In 1952, White was hired by Lady Bird Johnson (wife of then-Senator Lyndon B. Johnson) to be the primary architect overseeing the redesign and expansion of her Hill Country home near Johnson City, Texas, which would later be known as the "Texas White House" (now part of the Lyndon B. Johnson National Historical Park). In 1957, White was called back to design an expansion to the house for additional office space; after Johnson's election as vice president, in 1961 White redesigned the ranch's guest quarters to be more suitable for political visitors.

After the end of Johnson's presidency, White oversaw the restoration of Johnson's childhood home in 1969–70 for the newly created Lyndon B. Johnson National Historic Site; he also developed the master plan for the adjoining Lyndon B. Johnson State Park and Historic Site and designed its Visitor Center and other buildings.

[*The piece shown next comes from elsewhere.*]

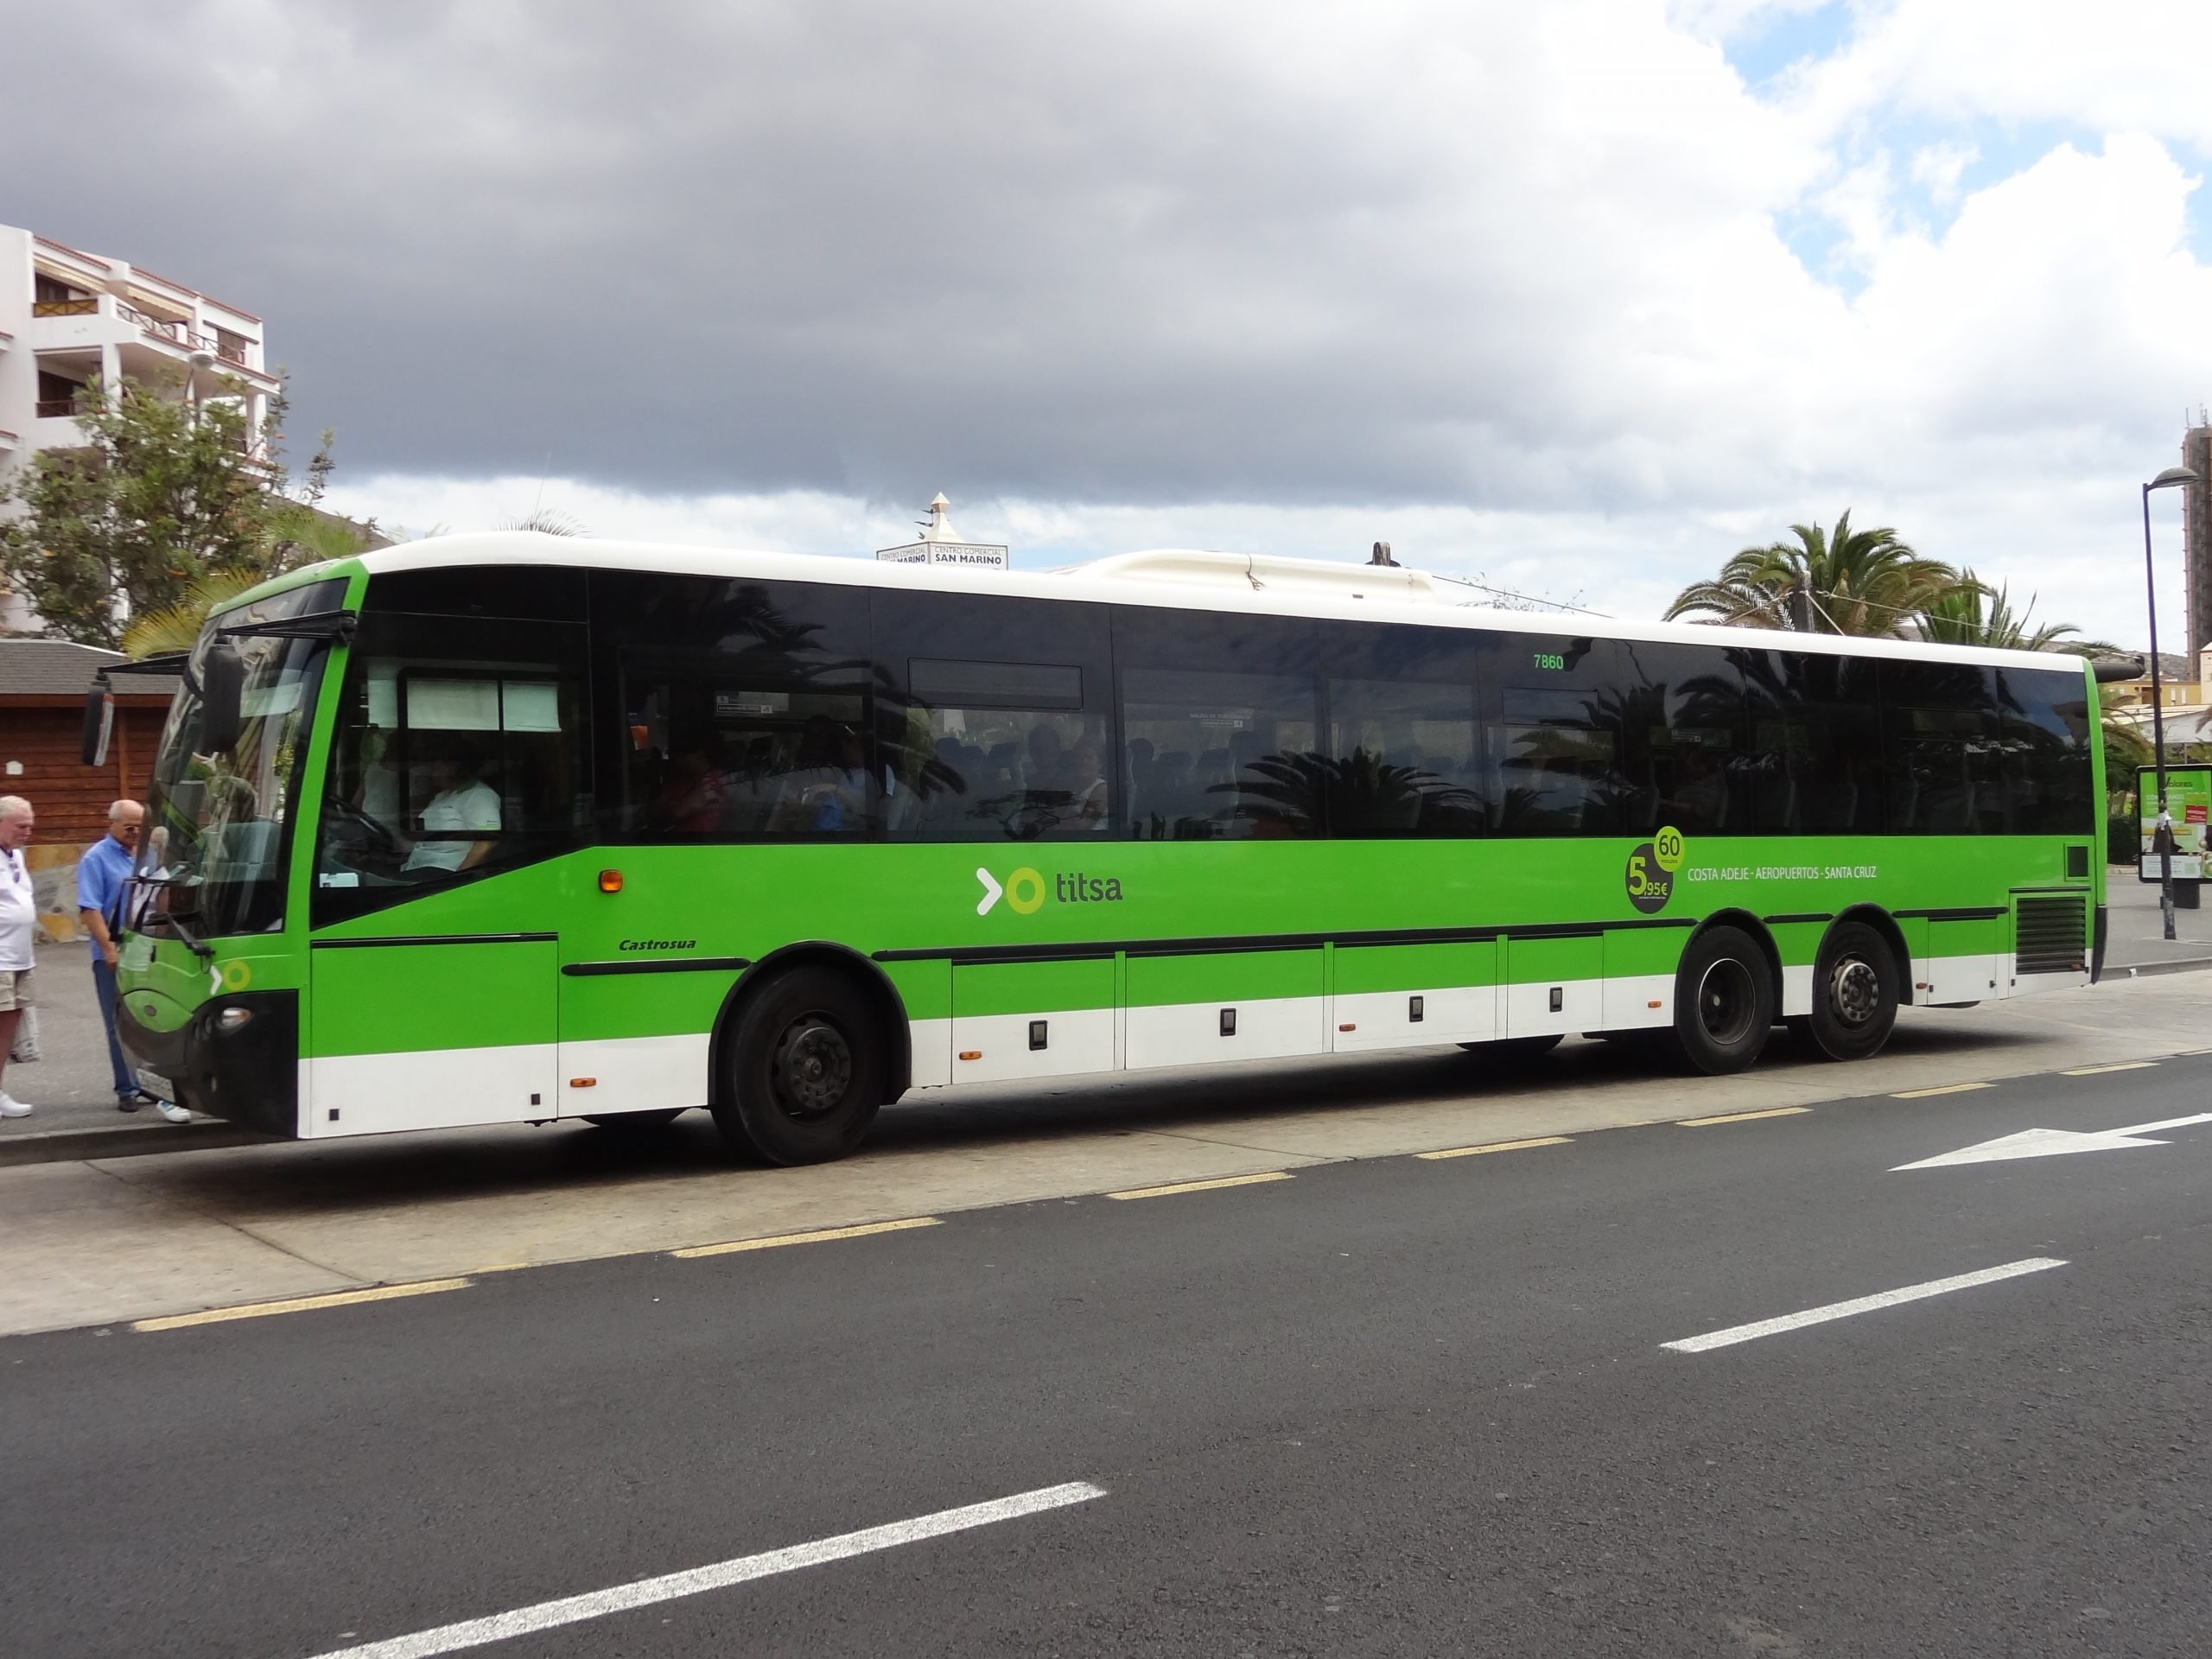 How To Get From South Tenerife Airport To Los Gigantes - All Possible Ways, cheapest way from Tenerife airport to Los Gigantes, Tenerife airport to Los Gigantes, Tenerife airport to Los Gigantes, Tenerife airport to Los Gigantes, Tenerife Bus Airport, bus from Tenerife airport to Los Gigantes, taxi Tenerife airport to Los Gigantes, Uber Tenerife airport to Los Gigantes, Tenerife airport to Los Gigantes by bus, Tenerife airport to Los Gigantes, Tenerife to Los Gigantes, Titsa bus fare Tenerife airport to Los Gigantes, Tenerife airport to Los Gigantes and Puerto de Santiago, Day Travel Card Tenerife, Titsa Bus Day Travel Card

By this point White had become a sort of personal family architect for the Johnsons, and he came to be described as one of Lady Bird's "life-long best friends."

==Visual arts==
Besides producing architectural sketches, White worked in two-dimensional art more generally. He was interested in the traditional log-and-limestone architecture used by early settlers of the Texas Hill Country, and he produced numerous sketches and watercolors of old farms and Central Texas landscapes. In his later life he exhibited some of these works, and they were gathered into two published collections, Limestone and Log and Hill Country Revisited.